For purposes of determining the Management Fee payable to the Adviser, the value of the Fund’s Assets will be calculated prior to the inclusion of the Management
Fee and Adviser Incentive Fee (if any, as discussed below) payable to the Adviser or to any purchases or repurchases of Shares or any distributions by the Fund. The Management Fee will be payable in arrears within thirty (30) business days after the
completion of the net asset value computation for the applicable quarter.
Adviser Incentive Fee
At the end of each calendar year, the Adviser will be entitled to receive an “Adviser Incentive Fee” equal to 10% of the excess, if any, of (i) the net profits of
the Fund for the relevant period over (ii) the then balance, if any, of the Loss Recovery Account (as defined below). For the purposes of the Adviser Incentive Fee and Loss Recovery Account, the term “net profits” shall mean the amount by which (i)

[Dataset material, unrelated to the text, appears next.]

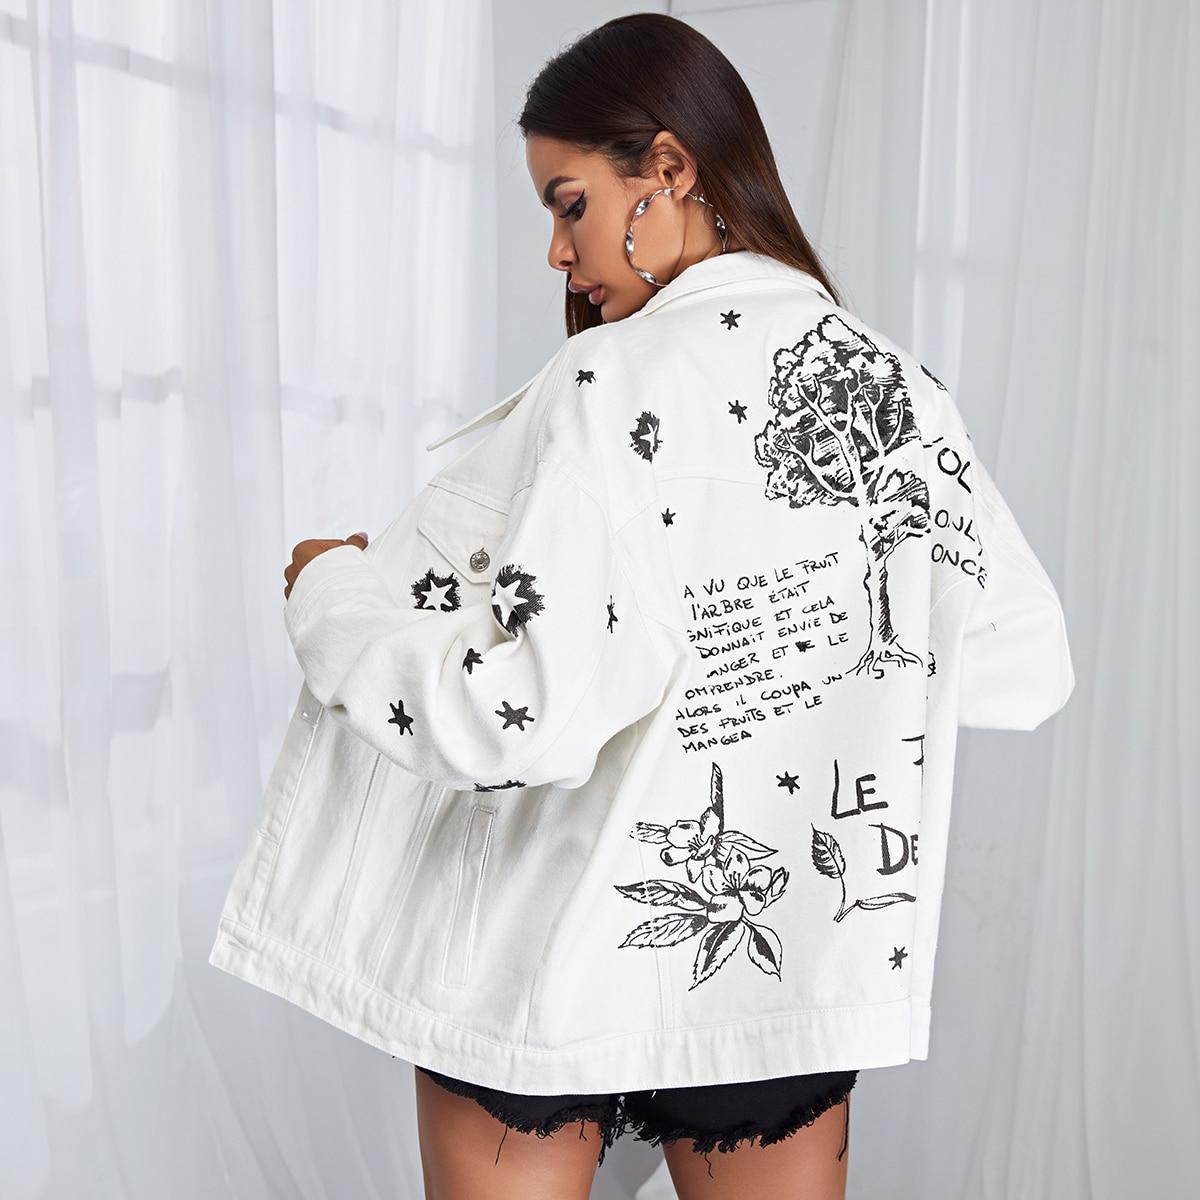 Джинсовая куртка с текстовым принтом

the sum of (A) the net asset value of the Fund as of the end of such year, (B) the aggregate repurchase price of all Shares repurchased by the Fund during such year and (C) the amount of dividends and other distributions paid in respect of the Fund
during such year and not reinvested in additional Shares through the Dividend Reinvestment Plan (the “DRP”) exceeds (ii) the sum of (X) the net asset value of the Fund as of the beginning of such year and (Y) the aggregate issue price of Shares of
the Fund issued during such year (excluding any Shares issued in connection with the reinvestment through DRP of dividends paid, or other distributions made, by the Fund through the DRP).

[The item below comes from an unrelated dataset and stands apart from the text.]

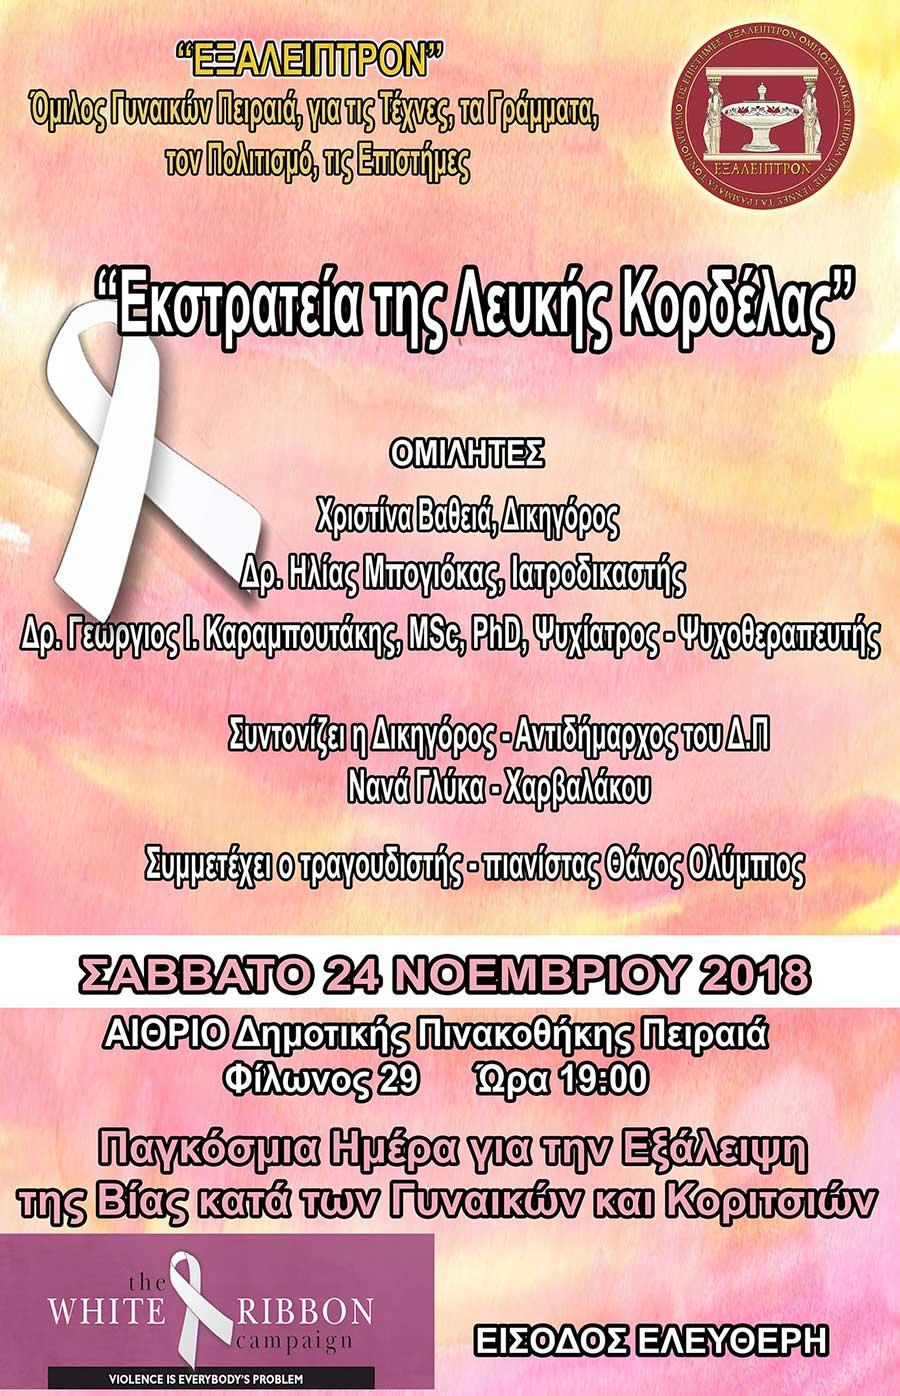 ekstrateia1 5044618c7

The Fund will maintain a memorandum account (the “Loss Recovery Account”), which will have an initial balance of zero at the beginning of each year and will be (i)

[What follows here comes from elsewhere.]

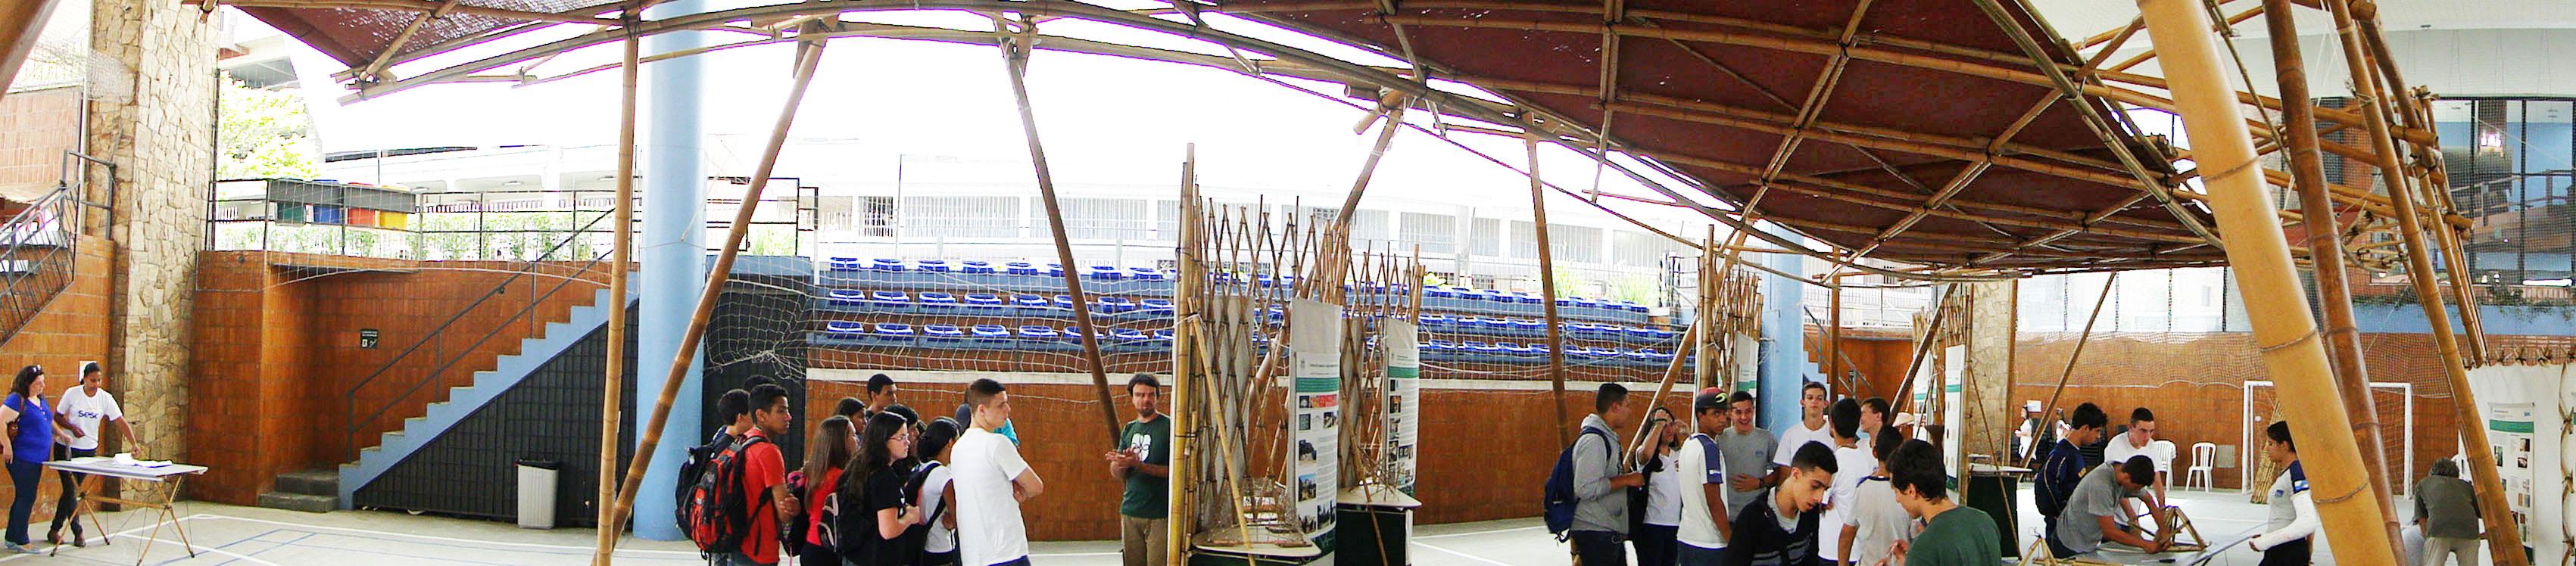 13-Exposição-Estruturas-de-Bambu-Sesc-Teresópolis.jpg

increased upon the close of each calendar month of the Fund by the amount of the net losses of the Fund for the month, before giving effect to any repurchases or distributions for such month, and (ii) decreased (but not below zero) upon the close of
each calendar month by the amount of the net profits of the Fund for the month. For purposes of the Loss Recovery Account, the term “net losses” shall mean the amount by which (i) the sum of (A) the net asset value of the Fund as of the beginning of
such month and (B) the aggregate issue price of shares of the Fund issued during such month (excluding any Shares issued in connection with the reinvestment of dividends paid, or other distributions made, by the Fund through the DRP) exceeds (ii) the
sum of (X) the net asset value of the Fund as of the end of such month, (Y) the aggregate repurchase price of all shares repurchased by the Fund during such month and (Z) the amount of dividends and other distributions paid in respect of the Fund
during such month and not reinvested in additional shares through the DRP. Shareholders will benefit from the Loss Recovery Account in proportion to their holdings of Shares. For purposes of the “net losses” calculation, the net asset value shall
include unrealized appreciation or depreciation of investments and realized income and gains or losses and expenses (including offering and organizational expenses). Adviser Incentive Fees are accrued monthly and paid annually.
For the avoidance of doubt, any change in the net asset value of the Fund directly as a result of subscriptions or repurchases during each measurement period are
not included for purposes of the “net profits” or “net losses” calculations.